▶

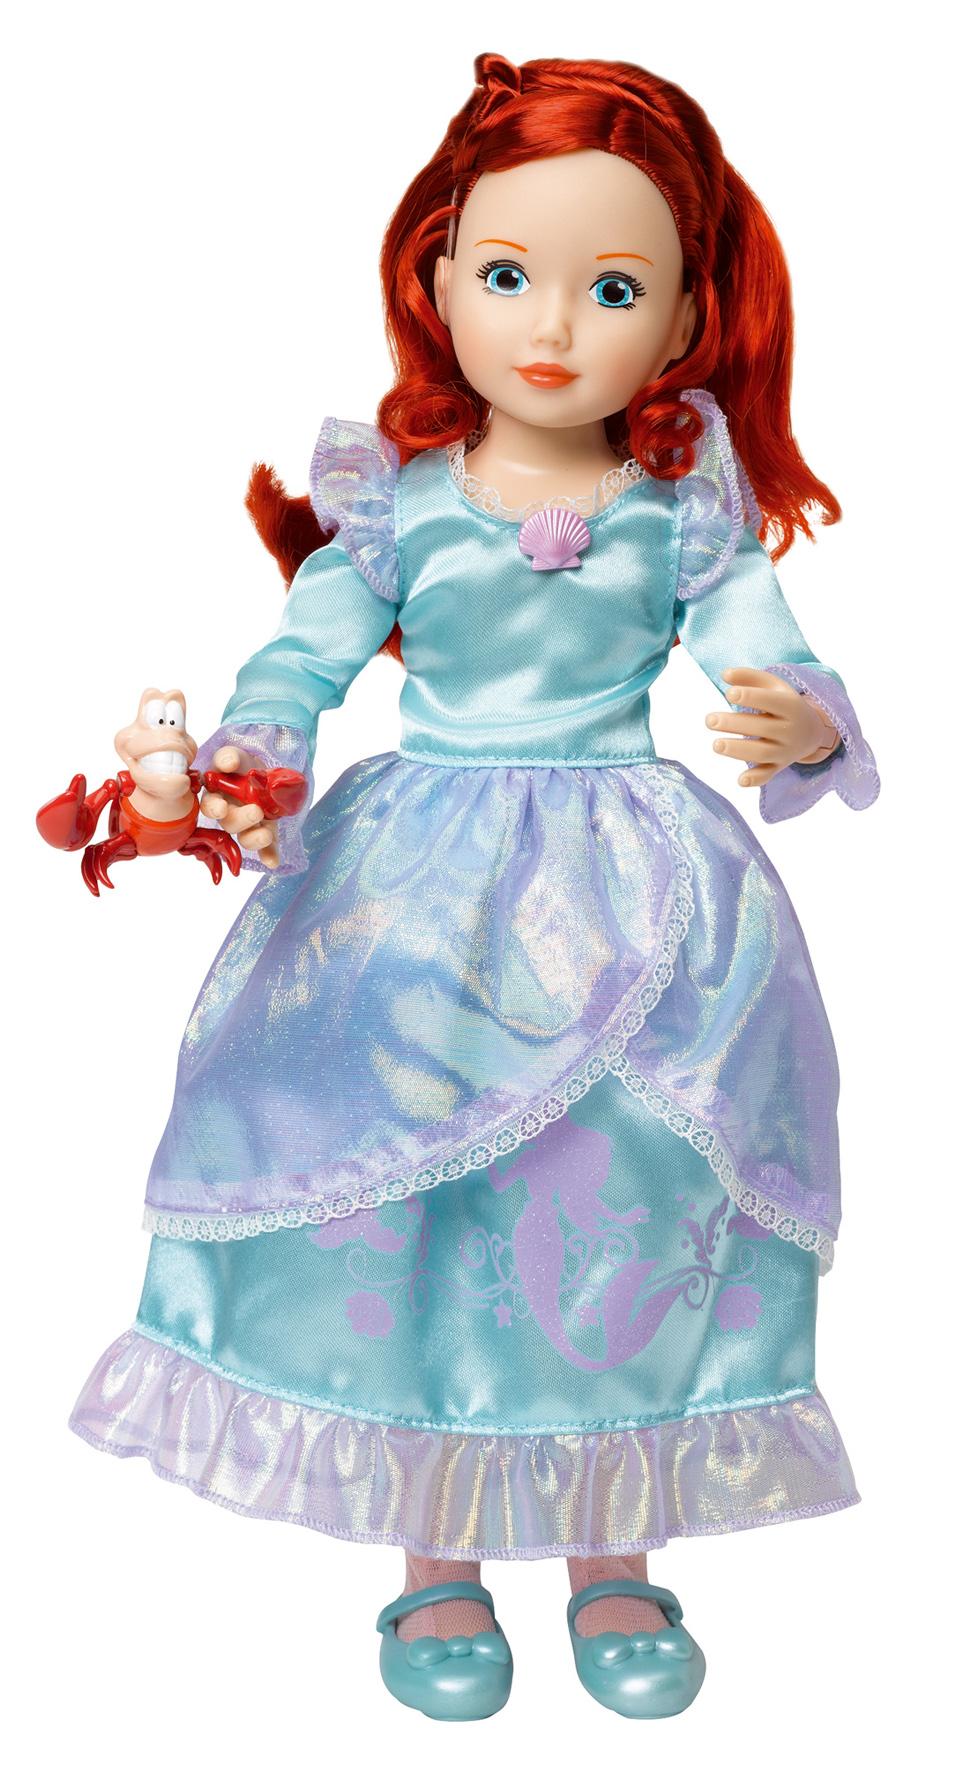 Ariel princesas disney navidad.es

◀
▶

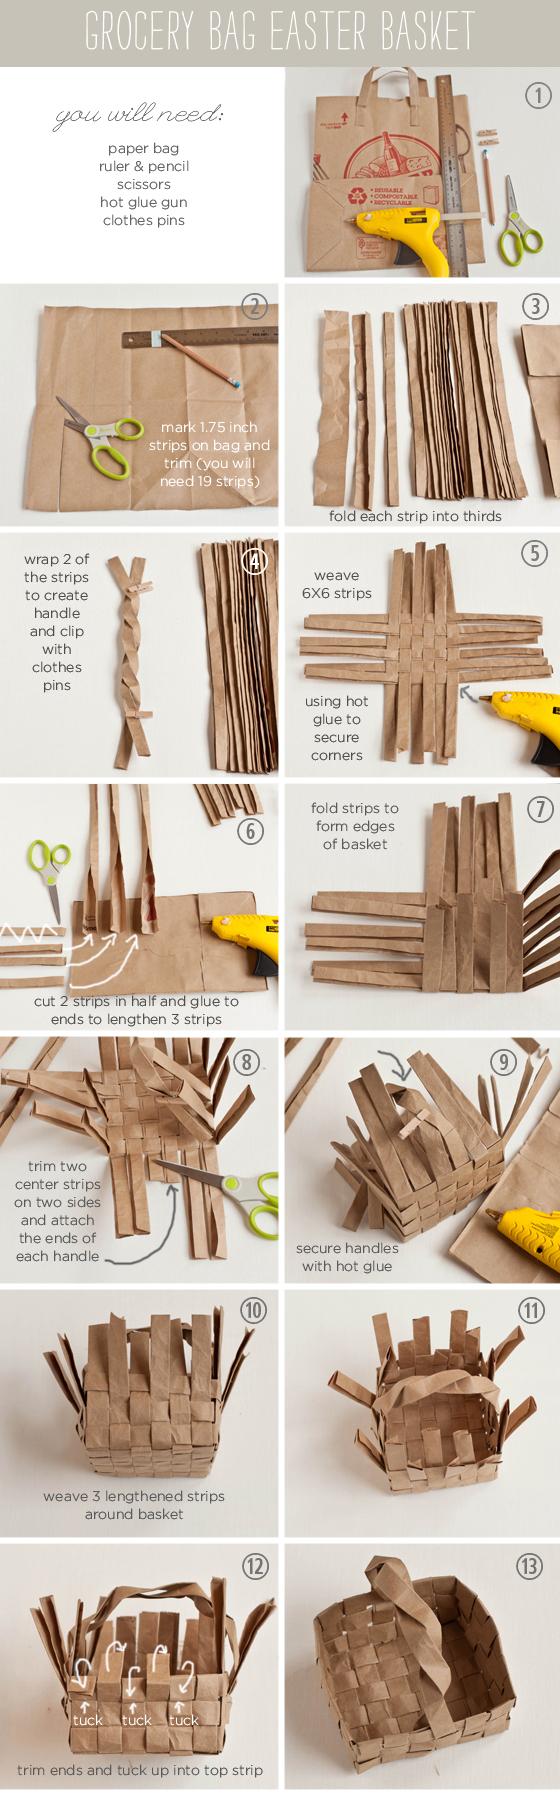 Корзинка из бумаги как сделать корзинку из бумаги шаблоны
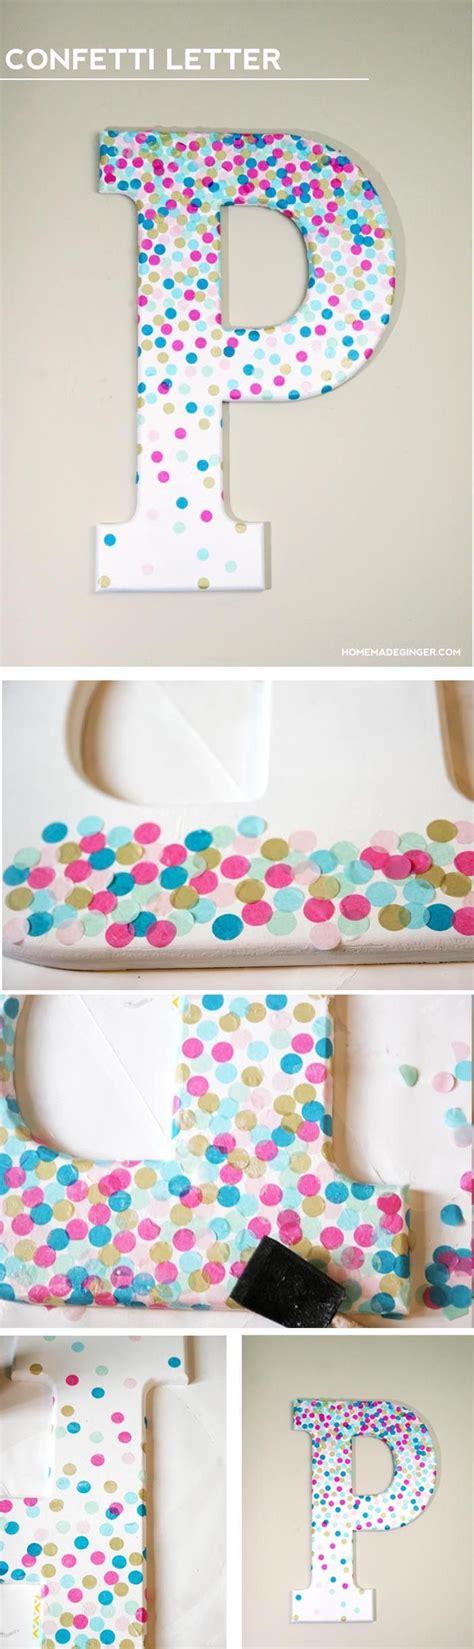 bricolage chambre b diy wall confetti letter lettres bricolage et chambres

◀

▶ [Work item]:
In the data above, retype only the stretch from the line with "Корзинка из бумаги" through the line with "bricolage chambre b", word for word, and skip any pictures.

▶ [The completed task]:
 Корзинка из бумаги как сделать корзинку из бумаги шаблоны
 bricolage chambre b diy wall confetti letter lettres bricolage et chambres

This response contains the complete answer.